Naquele tempo, não era o primeiro milhão de dólares (ou Euros, ou Reais) que movia os aventureiros como eu. Eram os desafios de realização, de conquista de novas fronteiras. E era assim que chamavam o Mato Grosso, naquele tempo – Fronteira Agrícola. Assim, em vez de ficar de frente para o mar e de costas para o Brasil, decidi partir para aquele estado, que era verdadeiramente o Velho Oeste de nosso país. Dormindo sob lonas de plástico, cozinhando sobre fogão de lata de óleo e fazendo turnos de trabalho, junto com meus funcionários, sobre ruidosos tratores agrícolas, conheci sobre a dureza de se domar a natureza, aprendendo a respeitá-la, como dizia o filósofo Francis Bacon, há coisa de cinco séculos. Mas, antes que alguém volte ao ataque, devo informar: Não derrubei um só hectare de mata ou de cerrado, ainda que tenha sim aberto bastante área para a agricultura.
Quando cheguei ao Mato Grosso, peguei terras já derrubadas e, percebendo que ainda havia cerrado em pé, determinei sua manutenção, mesmo sem saber, na época, qualquer coisa sobre reservas legais (reservas florestais) ou áreas de preservação permanente (APPs). Boa parte da fazenda ficou intacta, mesmo se tratando das melhores terras agrícolas do Planeta, o que motivava críticas de meus pares, sobre decisão tão estranha: “Para quê manter esse matinho mirrado, se pode plantar e lucrar mais?” Pois, eis aí a chave daquilo que pensava, desde então, e sobre o que pretendo agora falar: PRODUTIVIDADE IMPORTA MAIS QUE PRODUÇÃO. Ou seja, melhor que produzir um monte de soja, com grandes custos financeiros e ambientais, se pode produzir mais e melhor, em menos áreas?
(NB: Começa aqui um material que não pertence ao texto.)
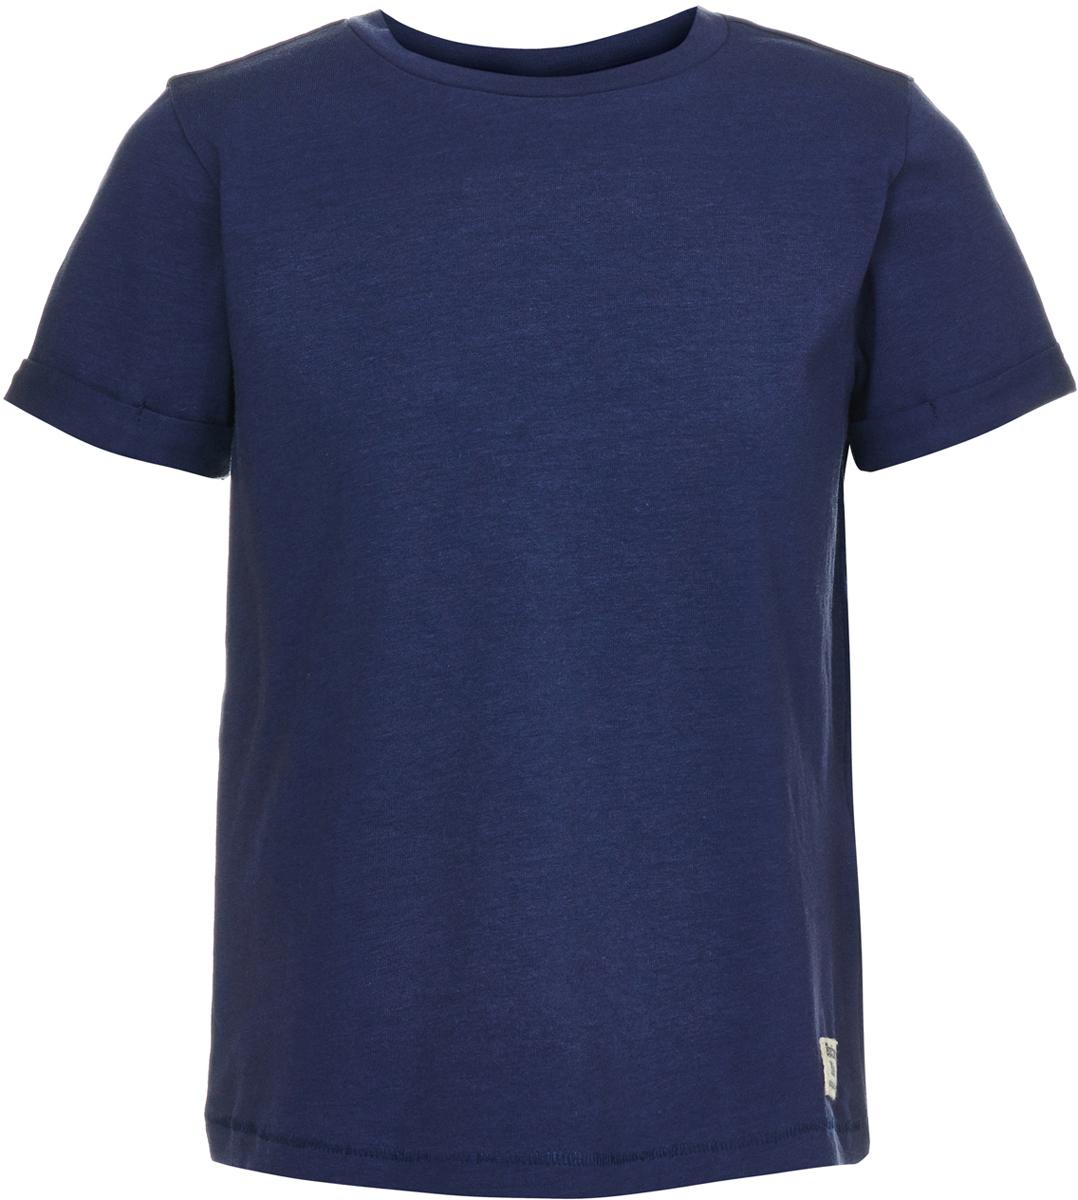 Футболка для мальчика Button Blue, цвет: темно-синий. 118BBBC12011000. Размер 122118BBBC12011000Легкая трикотажная однотонная футболка от Button Blue - идеальная одежда на лето для мальчика. Футболка с коротким рукавом изготовлена из эластичного хлопка. Круглый вырез горловины дополнен трикотажной резинкой. Такая футболка станет основой множества образов, а универсальный цвет модели позволяет ей удачно смотреться в сочетании с самыми разными цветами и оттенками.

Nessa equação, recentemente, entrou nova variável, quase tão importante quanto a produtividade no interior da fazenda – LOGÍSTICA, que significa mais ou menos: Levar o que produzimos até quem vai consumir.
É aí que chegamos ao meu ponto de vista sobre essa luta fratricida e destrutiva para o ambiente (que é de todos nós, agricultores e cidadãos). Lembro-me bem dos tempos da ditadura, quando o governo punha patrões e empregados um contra o outro, enquanto se dedicava, por trás das cortinas, a mergulhar o país num de suas piores jornadas em sua história: o expansionismo, a inflação e a dívida. Hoje, espertamente, o governo empurra agricultores e cidadãos para o confronto, enquanto escapa pela tangente das mais importantes discussões sobre o país que queremos ser. Identificando pólos aparentemente opostos, na conservação ambiental e na agropecuária, o grupo dos amigos encistados no poder se dedica às mais impressionantes negociatas, junto ao capital internacional, louco para entrar pelas nossas fronteiras, enquanto produtores gastam tempo, dinheiro e energia tentando garantir aparentes vantagens para sua classe.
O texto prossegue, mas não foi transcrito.